There is also the reputational impact of ESG reporting. Such reporting is likely to increase the focus on measuring an organization’s data protection capabilities as companies are increasingly measured on their ESG ratings. That is why policies directed to internal reporting, external disclosure of breaches, and clarifying the financial and reputational impact from loss of consumer PII and enterprise IP merit the attention of senior executives and boards alike in fulfilling their duty of care responsibilities.
6. From a data protection compliance standpoint, do we know what our stress points are?
Notwithstanding data privacy as a priority, businesses face obstacles when it comes to compliance preparedness. Lack of time and bandwidth, as well as the complexity of laws and regulations, are examples. Management bears the responsibility to identify the trouble spots for privacy compliance, assess their severity and apply best practices to enhance the privacy program continuously. As management exercises this vital due diligence, the board should be apprised of the results. Conversations in the C-suite and boardroom should include an assessment of the sufficiency of budget and resources as well as accountability for results.
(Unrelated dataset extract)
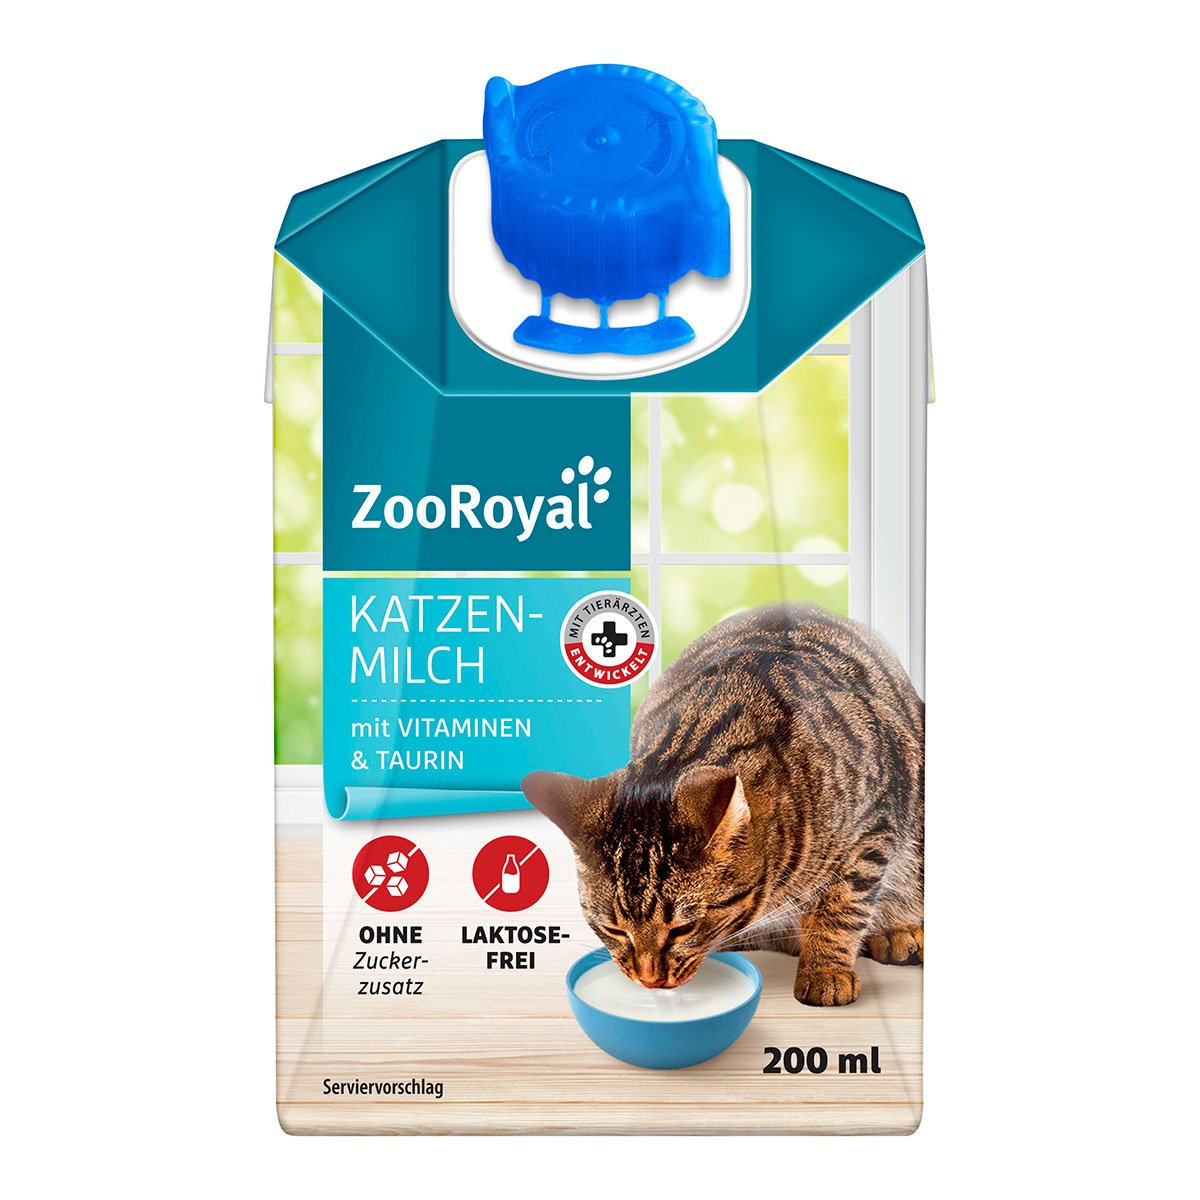 ZooRoyal Katzenmilch mit Vitaminen

Stress test protocols and tabletop exercises and the insights they provide should also be incorporated into the discussion.
7. Are our legal agreements aligned with data protection requirements?
Executives and directors should inquire, for example, whether the company is using the standard contractual clauses (SSCs) preapproved by the European Union pertaining to the sharing of data between EU and non-EU countries. These clauses provide standard terms and conditions to which both the sender and receiver of personal data agree, with the objective of considering and upholding the rights and freedoms of the individual. Adopting these SCCs is a regulatory requirement for exchanging data with EU countries and is enforced by the European Commission.
8. How should the board and management engage on data privacy?
The pervasiveness of data creates a challenge for boards. Multiple functions own responsibility for protecting the data their activities collect, use and store, including information technology, cybersecurity, human resources, legal and compliance.
Some boards have a technology committee reviewing data privacy strategy and compliance. Others assign data privacy oversight to the audit committee, while those in a highly regulated environment may assign these duties to a compliance committee. For public companies, these matters merit consideration in every formal meeting of the committee advising on data privacy, or more frequently as necessary, which underscores the importance of putting effective analytics and dashboards in place. Companies with substantial business-to-consumer operating models will require more attention to these issues.
The full board should be privy to a report or briefing on data privacy performance at least annually. Directors should engage the company’s leadership with the intention of gaining confidence that a coherent privacy data governance process is in place, aligned with the business strategy and complemented by effective controls enabling data privacy protections.
In summary, data privacy has escalated as a long-term concern for executive management and the board. According to a recent global survey, looking out 10 years, data privacy is the fifth-rated risk — up from 11th last year — overall across the globe. As the complexity of the data privacy regulatory environment continues to evolve, it is necessary for executives and directors to engage continuously in strategic conversations around policy, execution and compliance. At the present time, there is no light visible in this long, (maybe) never-ending tunnel.